Il tribunale di Viterbo 

Viterbo – (f.b.) – Lui è un facoltoso imprenditore viterbese, lei un’impiegata di banca. I due si conoscono da molti anni, ma quella che per il primo era niente più di una sincera amicizia, per la donna era diventata qualcos’altro. Un’infatuazione, che col tempo si è trasformata in una vera e propria ossessione.

Al punto che lui, 45enne di Viterbo, si è visto costretto a sporgere denuncia per stalking tramite il suo avvocato Emanuele Barbacci.

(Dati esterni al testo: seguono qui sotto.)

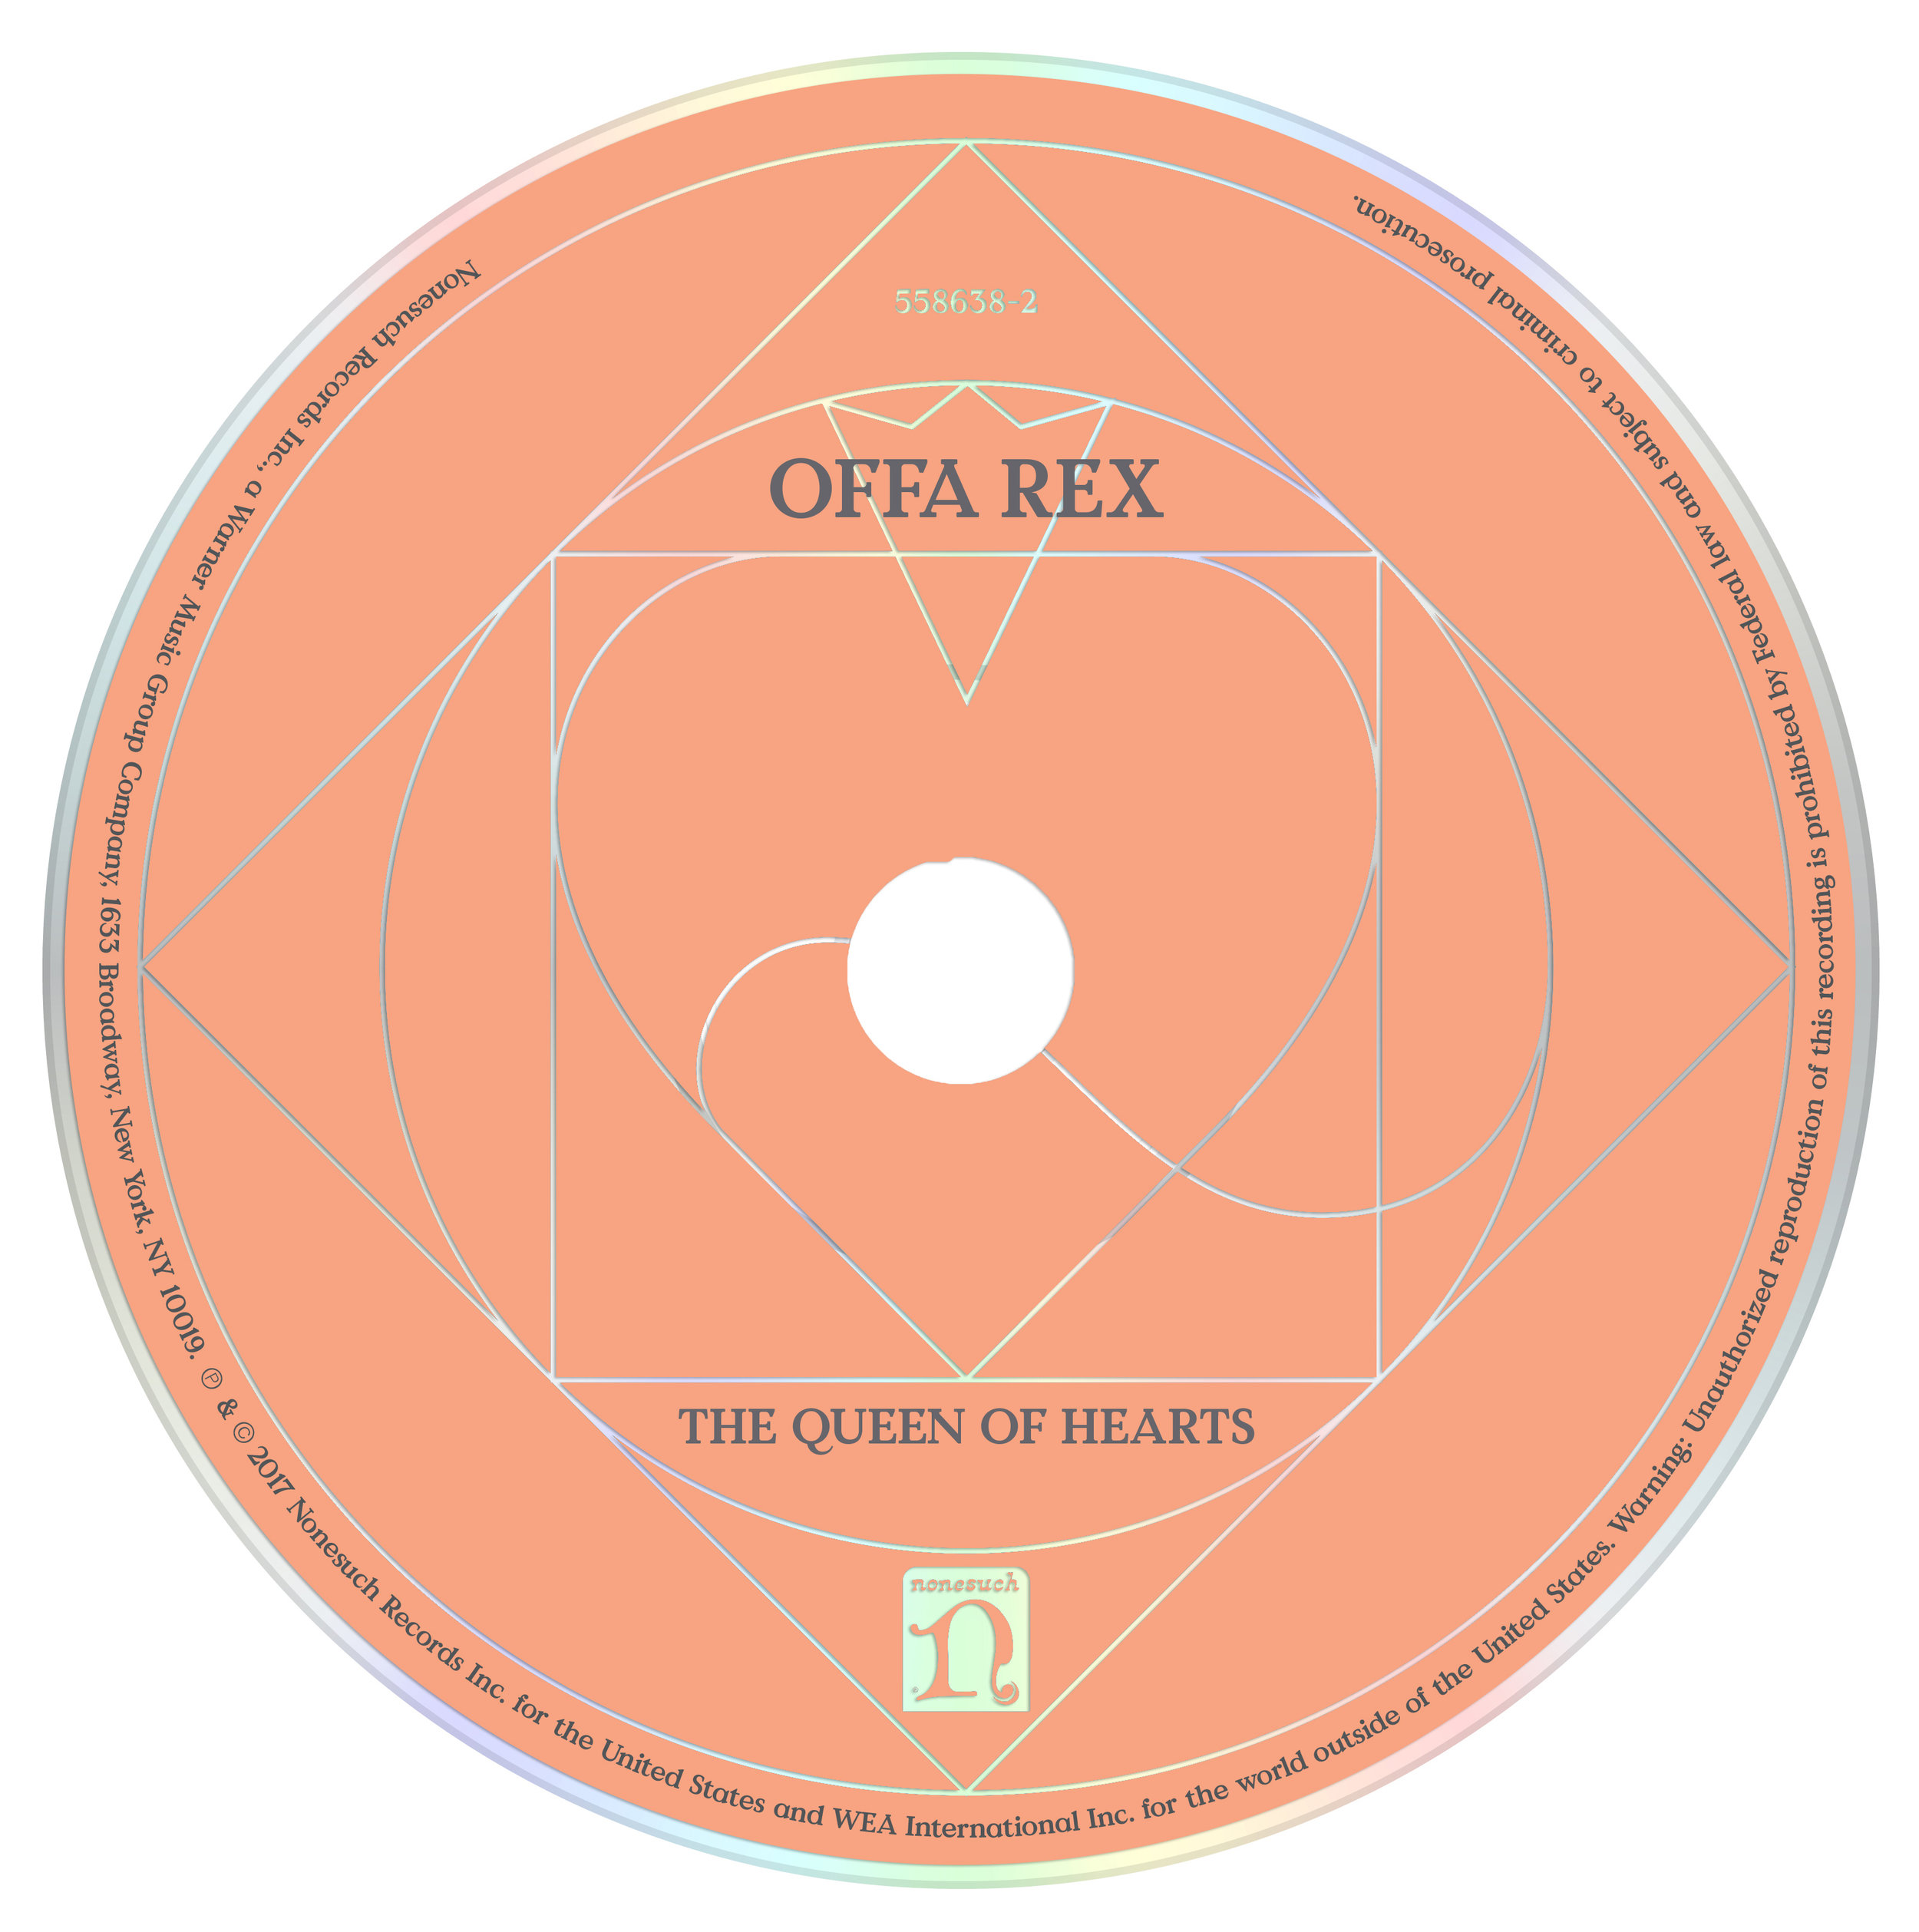 OffaRex_CD.jpg

Secondo la ricostruzione, infatti, la signora, più o meno coetanea della sua “vittima”, avrebbe tentato in ogni modo di sedurlo pensando forse che l’uomo potesse ricambiare i suoi sentimenti. Lui, felicemente sposato e con figli, non voleva saperne, ma lei non si è data per vinta e ha insistito fino a trasformare la vita dell’imprenditore in un inferno.

Lo tartassava di telefonate ad ogni ora del giorno e della notte. In pochi mesi l’uomo ne avrebbe ricevute circa 640. E non soltanto lui. Perché la donna, fermamente convinta di poter riuscire a conquistarlo, avrebbe preso di mira la moglie di lui, aggredendola verbalmente con insulti e minacce.

Altre volte, pur di far notare la sua continua presenza, si sarebbe anche appostata fuori dalla scuola che frequentavano i figli della coppia.

Ma l’episodio più eclatante doveva ancora arrivare. Dopo settimane di pedinamenti, inseguimenti e insistenze verbali, la 40enne ha puntato tutto sulla seduzione.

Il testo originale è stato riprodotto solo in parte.